TWB-MT

TWB neural machine translation pipeline

This repository contains the necessary scripts for training and evaluating a neural machine translation system from scratch. It serves both as a template and a memory of experiments for various language pairs within TWB's Gamayun initiative.

Master branch is kept as a template for training a toy model of Tigrinya to English. Make sure it works before building your own pipeline.
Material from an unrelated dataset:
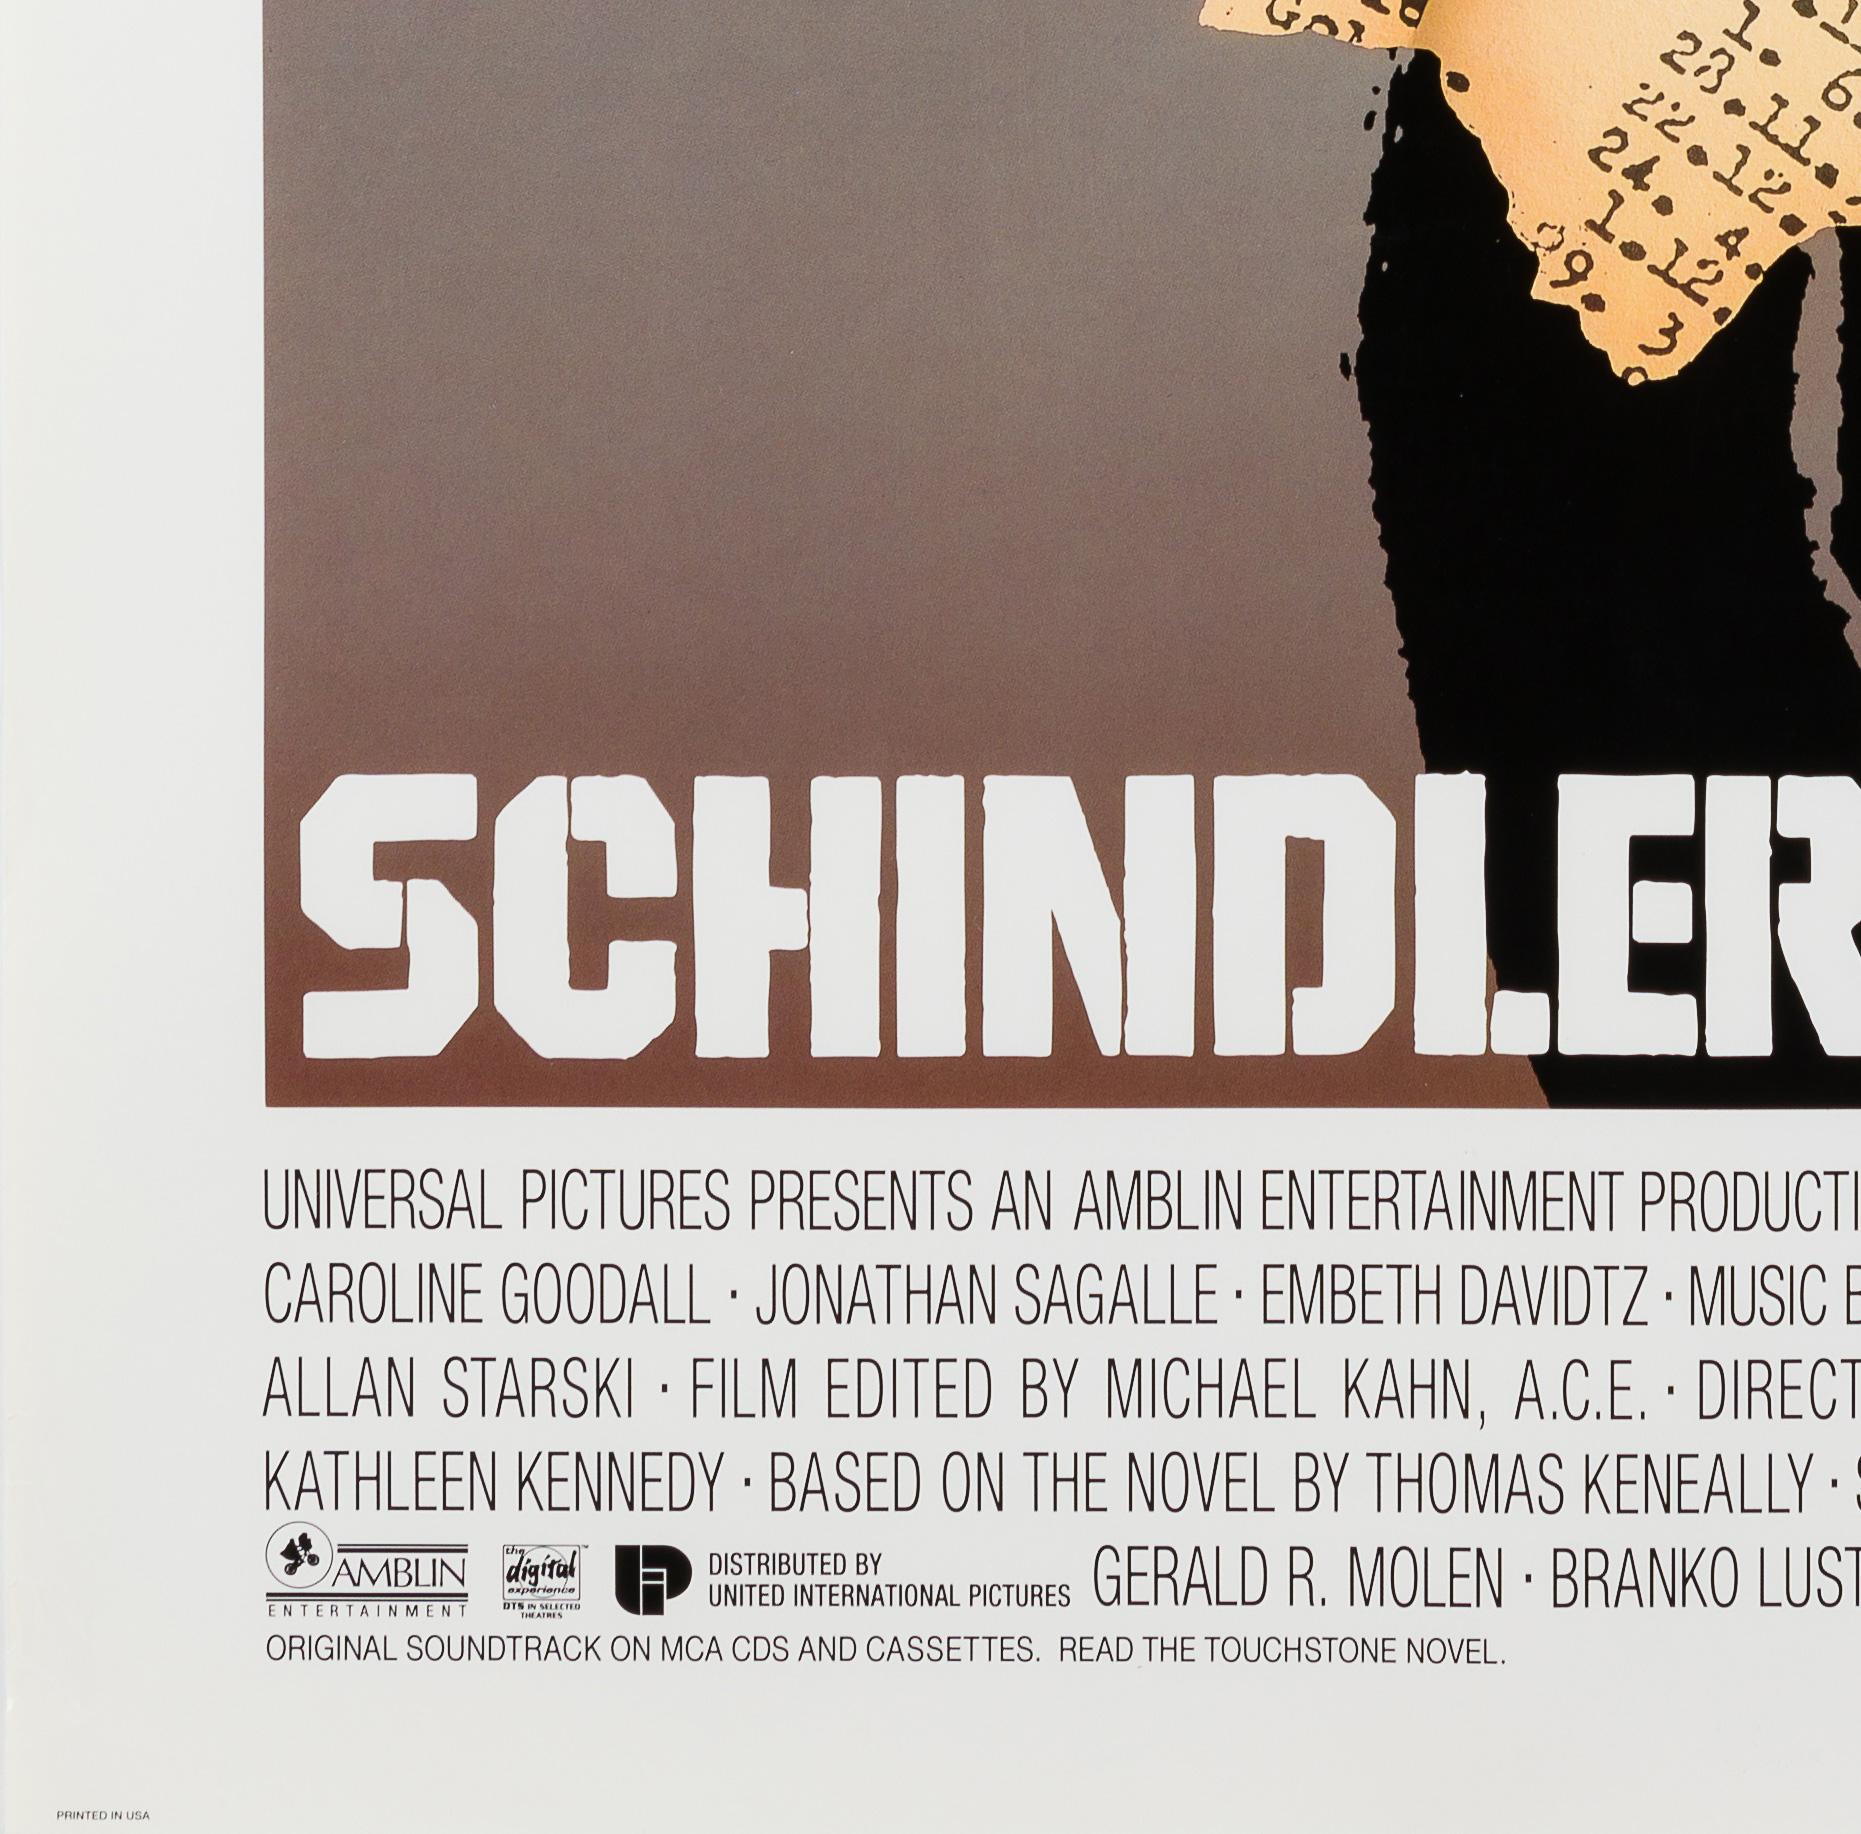 Paper Schindler's List Original Special US Film Poster, Saul Bass, 1993 For Sale
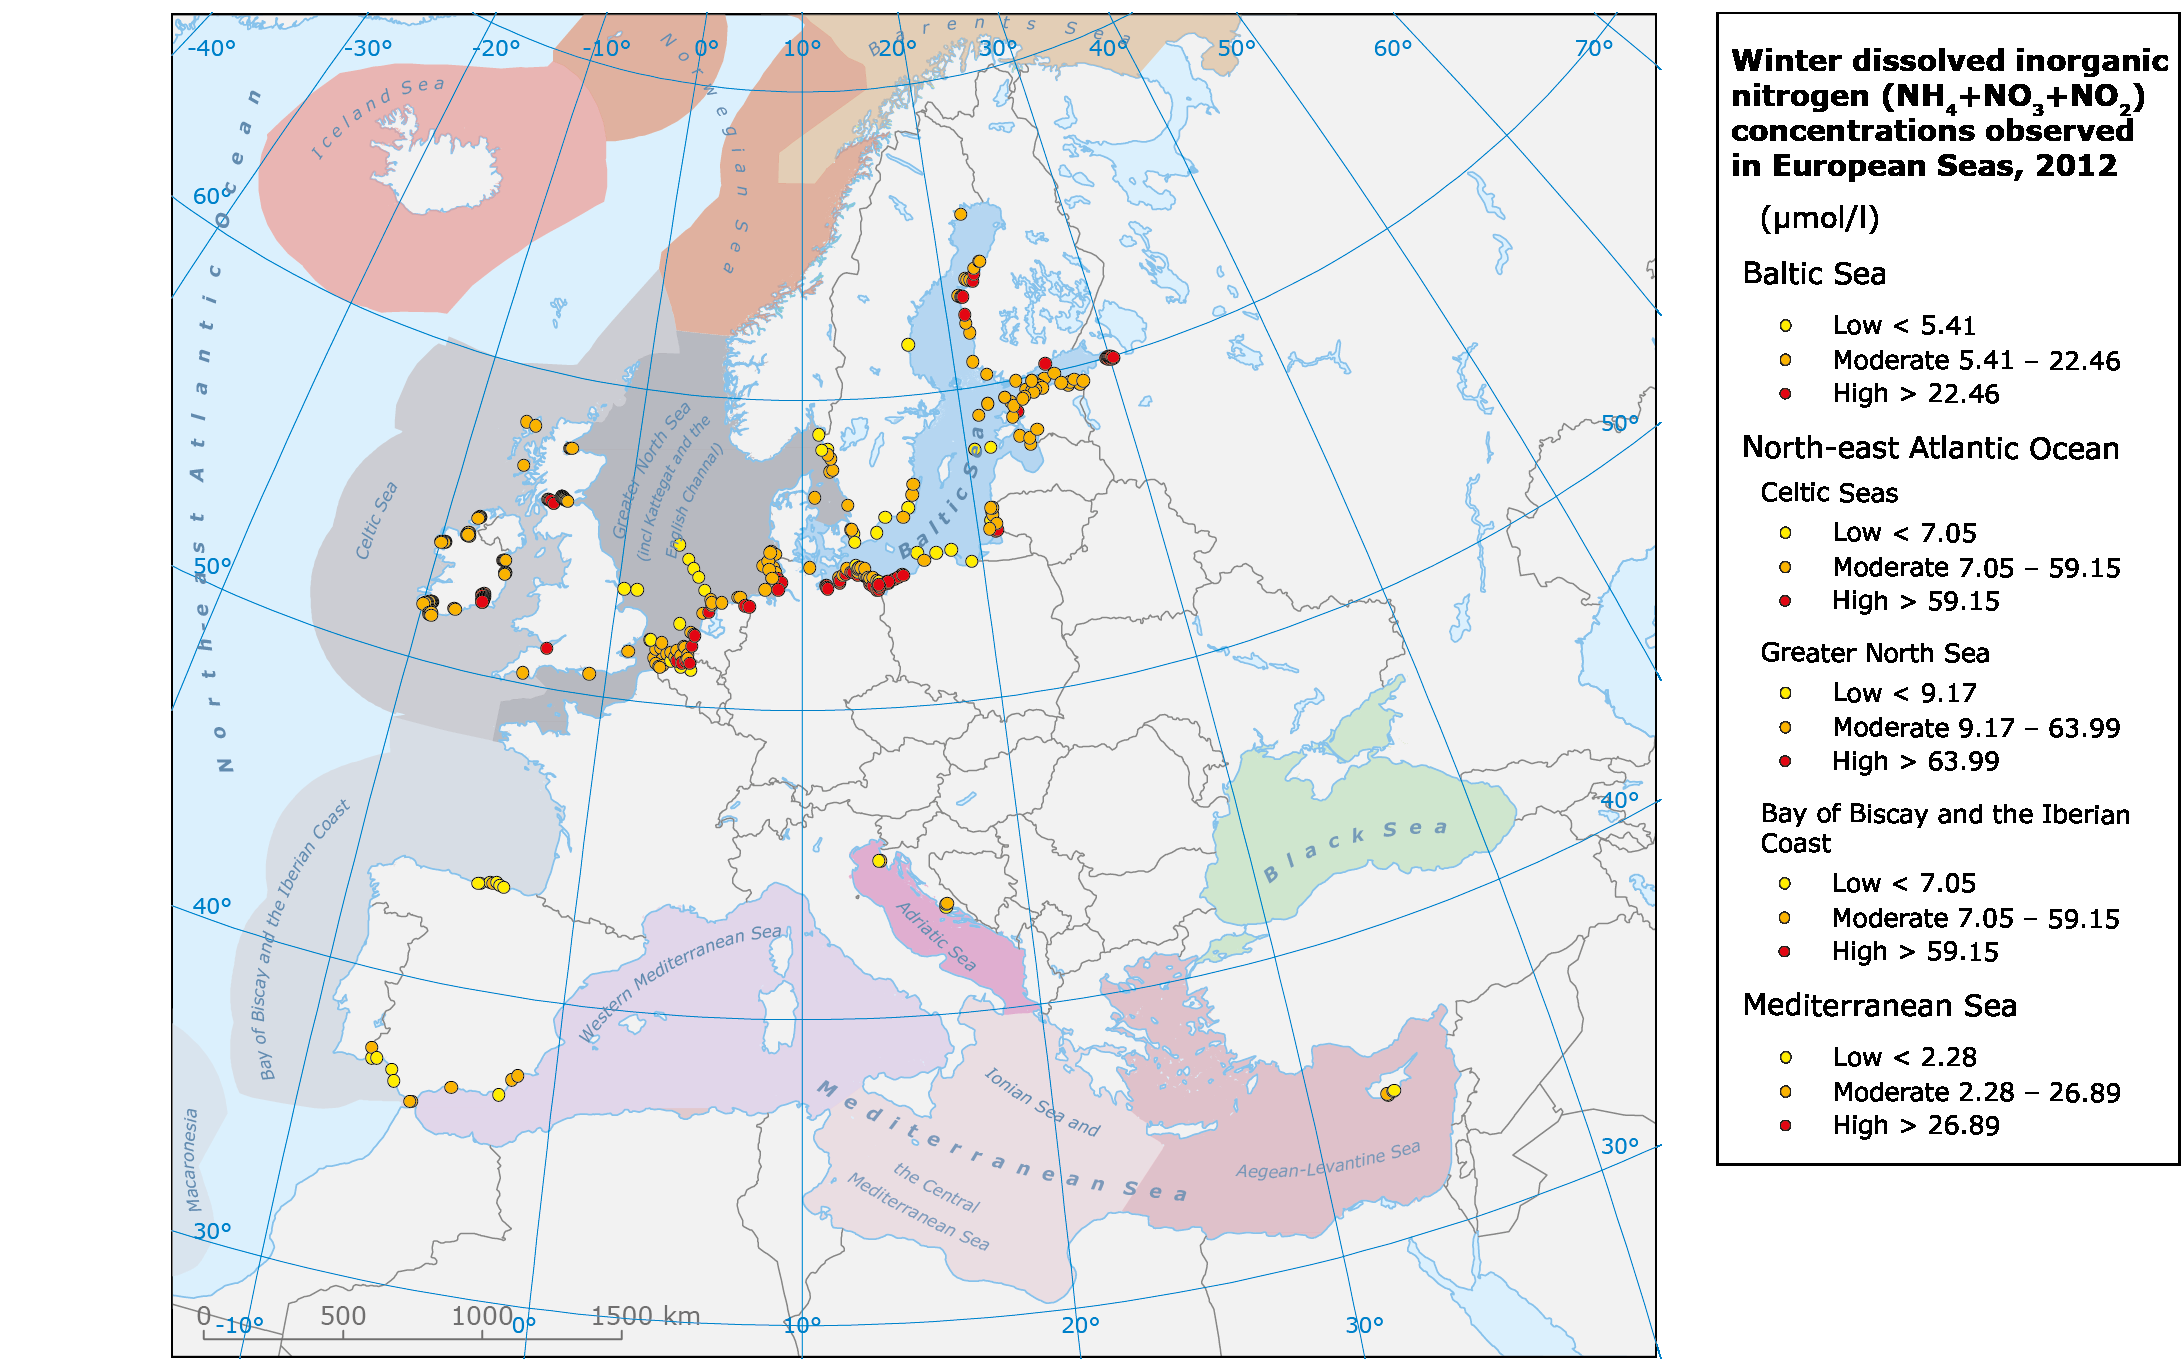 Dissolved inorganic nitrogen concentrations in European seas

Development for each language pair is kept in branches.

Current language pairs

English -> Tigrinya

Required libraries

Directory structure

Three main directories used in the pipeline are as follows:

scripts contains the scripts for preparing the data, training models and evaluation
corpora (created within scripts) is where datasets containing parallel sentences are downloaded and then processed (created within scripts)
onmt (created within scripts) contains the models, logs, Open-NMT specific datasets, inference results and evaluation scores

Dataset naming convention

The data processing is made visible with the use of suffixes. Each dataset obtains a suffix after a certain pipeline call. The naming convention while processing is as follows:

/corpora/<corpus-name>/<dataset>.<set>.<process1>.<process2>...<processX>.<lang-code>

For example:

/corpora/OPUS/Tatoeba.train.tok.low.en contains the English sentences in the training portion of the Tatoeba set downloaded from OPUS, tokenized and then lowercased.

Script structure

Each script consists of three sections:

INITIALIZATIONS: Sets the paths for later use. This needs not be edited if the directory structure is kept as it is
PROCEDURES: Contains the necessary functions of the pipeline step
CALLS: This is where the pipeline's procedure is called. Each call consists of a set of parameters being specified followed with a procedure call

Running the pipeline

The scripts to run are sorted under scripts directory with a number prefix. Scripts don't take any parameters themselves but need to be edited inside. To run a particular script just type:

bash #-<script-name>.sh

`0-download-data.sh` - Download corpora

To be used for downloading parallel datasets. Download function is set to work with OPUS links by default. Parameters to specify for each call:

LINK: URL to corpus
CORPUS: Subdirectory where dataset is kept under corpora

This will place the parallel files in form of <corpus-name>.<lang1>, <corpus-name>.<lang2> under a directory with the name of the corpus under corpora. If you skip this step make sure you follow a similar pattern of filepath and naming.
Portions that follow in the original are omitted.